# 26er Slide



## Burt4711 (13. Mai 2015)

Hi,

Hab mir die Slides mal angesehen und finde, dass es ausstattungsmässig offensichtlich der Hammer ist zu dem Preis.
Täuscht das oder seht ihr das auch so? Ich meine, vor kurzem hat es noch nen Vergleichstest gewonnen, finde ich nur gerade nicht.

Da ich momentan so 115 kg drauf habe, traue ich den 29 Laufrädern nicht so ganz, die kleineren gelten ja als stabiler (haben sie ja über 20 Jahre auch bewiesen). Obwohl sie sicherlich grössenmässig nicht schlecht wären (bin so 1,95 m gross).
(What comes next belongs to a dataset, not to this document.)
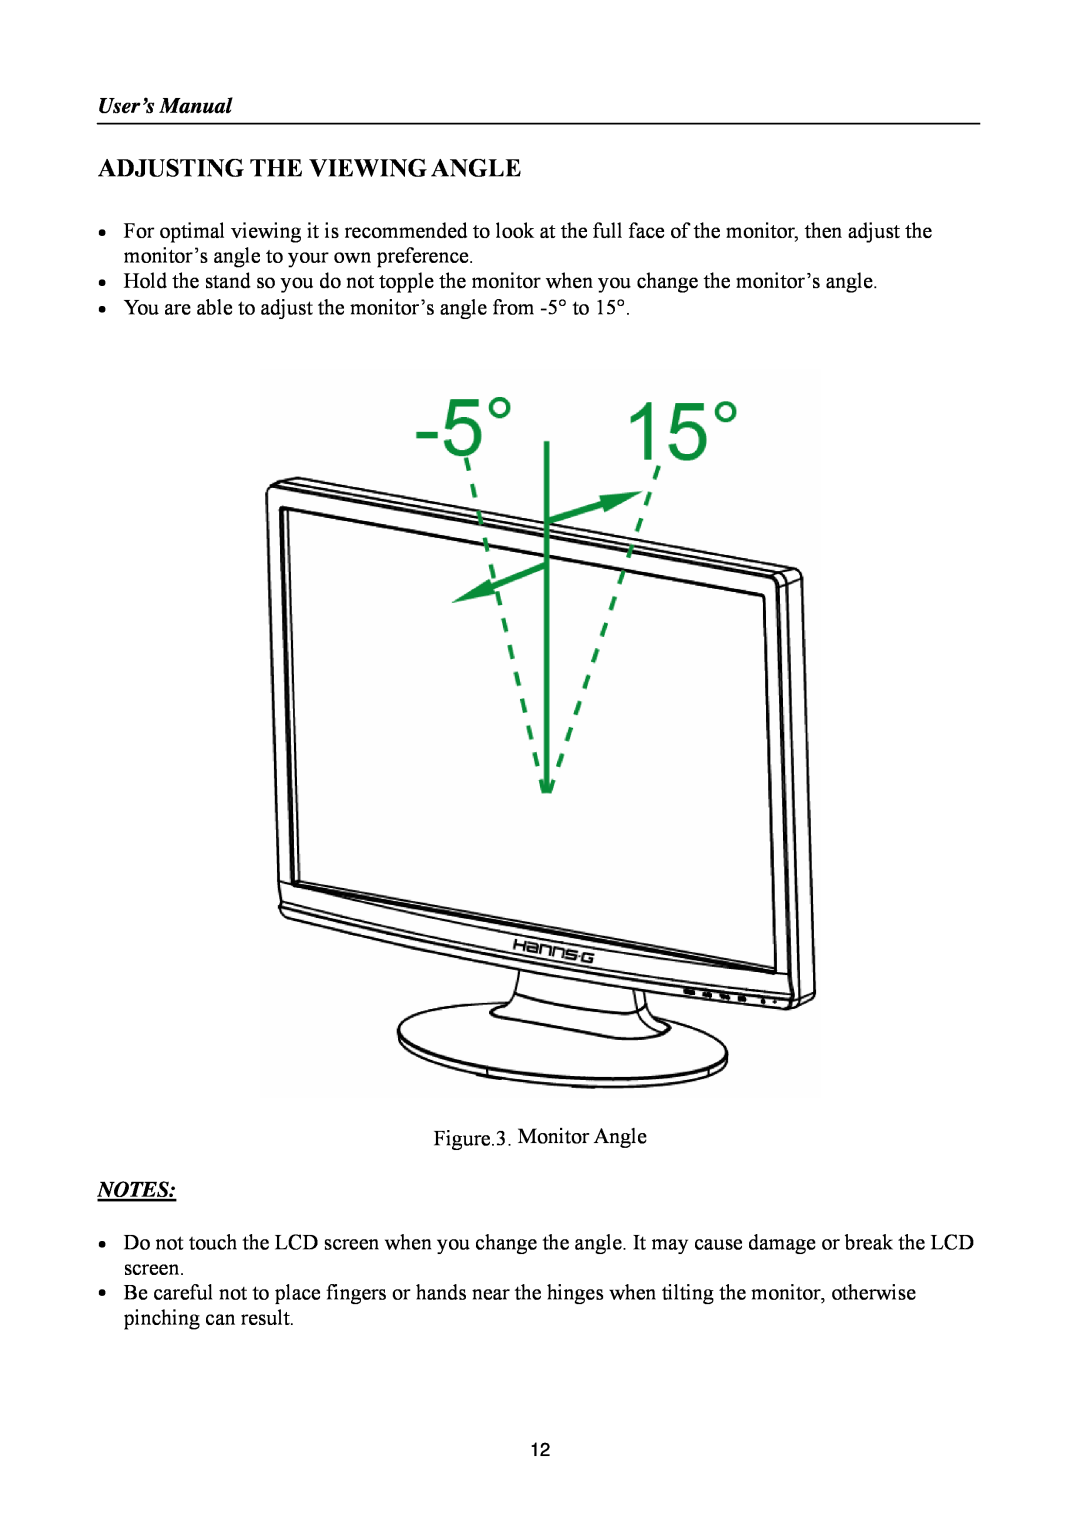 Hanns.G HA191 manual Adjusting The Viewing Angle, User’s Manual

Spricht was konkretes gegen das Bike? Gehen 26er echt nicht mehr, hat das keinen Zweck mehr?

Lg


----------



## boarderking (13. Mai 2015)

M.e. ist ausstattungsbereinigt eher das 8 er top. Und zwar schon alleine WG Sattelstütze bremsen und Laufrädern( nicht die groesse ) kompletter xt. 
Allerdings ist für die Absoluten 1600 Euro das 26_ sicher ein schönes rad mit nach grüßt potential.


----------



## MTB-News.de




----------



## Burt4711 (19. Mai 2015)

Verkauft sich das denn überhaupt noch? Generell im Vergleich zu anderen in der Preisklasse scheint es mir top zu sein.
Und 26er fand ich die letzten 25 Jahre gut.....


----------



## KervyN (19. Mai 2015)

Hab mir das 26er LE geholt. Richtig dolles Bike. Ist mein erstes Radon, hab den ersten Sturz am ersten Tag gehabt und werde nie wieder ne andere Marke fahren 

PS: Sturz kam, weil zu schnell in einer Kurve gewesen und ich nicht genug Druck von oben gegeben habe.


----------



## seppi.jung (31. Mai 2015)

Guten Abend,

Wie ist denn die Qualität des Rades so von der Lackierung her? Man hört über Radon da ja so einiges Negatives.

LG


----------



## Radon-Bikes (3. Juni 2015)

seppi.jung schrieb:


> Guten Abend,
> 
> Wie ist denn die Qualität des Rades so von der Lackierung her? Man hört über Radon da ja so einiges Negatives.
> 
> LG


Hallo Seppi,

wir lassen die Dekore und Lackierungen in den gleichen großen Strassen herstellen wie viele andere große Hersteller auch und bewegen uns auf dem gleichen Qualitätsstandard. Es wird halt immer ein Grund gesucht, warum die eigenen Bikes teurer sein müssen. Dafür gibt´s aber nur einen Grund: Wir kalkulieren knapper!

Gruß
Karsten


----------



## Tomdom (4. Juni 2015)

@seppi.jung Die Qualität der Lackierung ist okay, schlimmer ist es bei der Montage, dort gibt es noch viel zu verbessern. Bei der Lackierung kann man nicht viel falsch machen, es wird ja gemacht und die machen es nicht selber, selbst ein Supermarkt Bike hat den gleichen Standard bzgl. der Lackierung.


----------



## Radon-Bikes (5. Juni 2015)

Tomdom schrieb:


> @seppi.jung Die Qualität der Lackierung ist okay, schlimmer ist es bei der Montage, dort gibt es noch viel zu verbessern. Bei der Lackierung kann man nicht viel falsch machen, es wird ja gemacht und die machen es nicht selber, selbst ein Supermarkt Bike hat den gleichen Standard bzgl. der Lackierung.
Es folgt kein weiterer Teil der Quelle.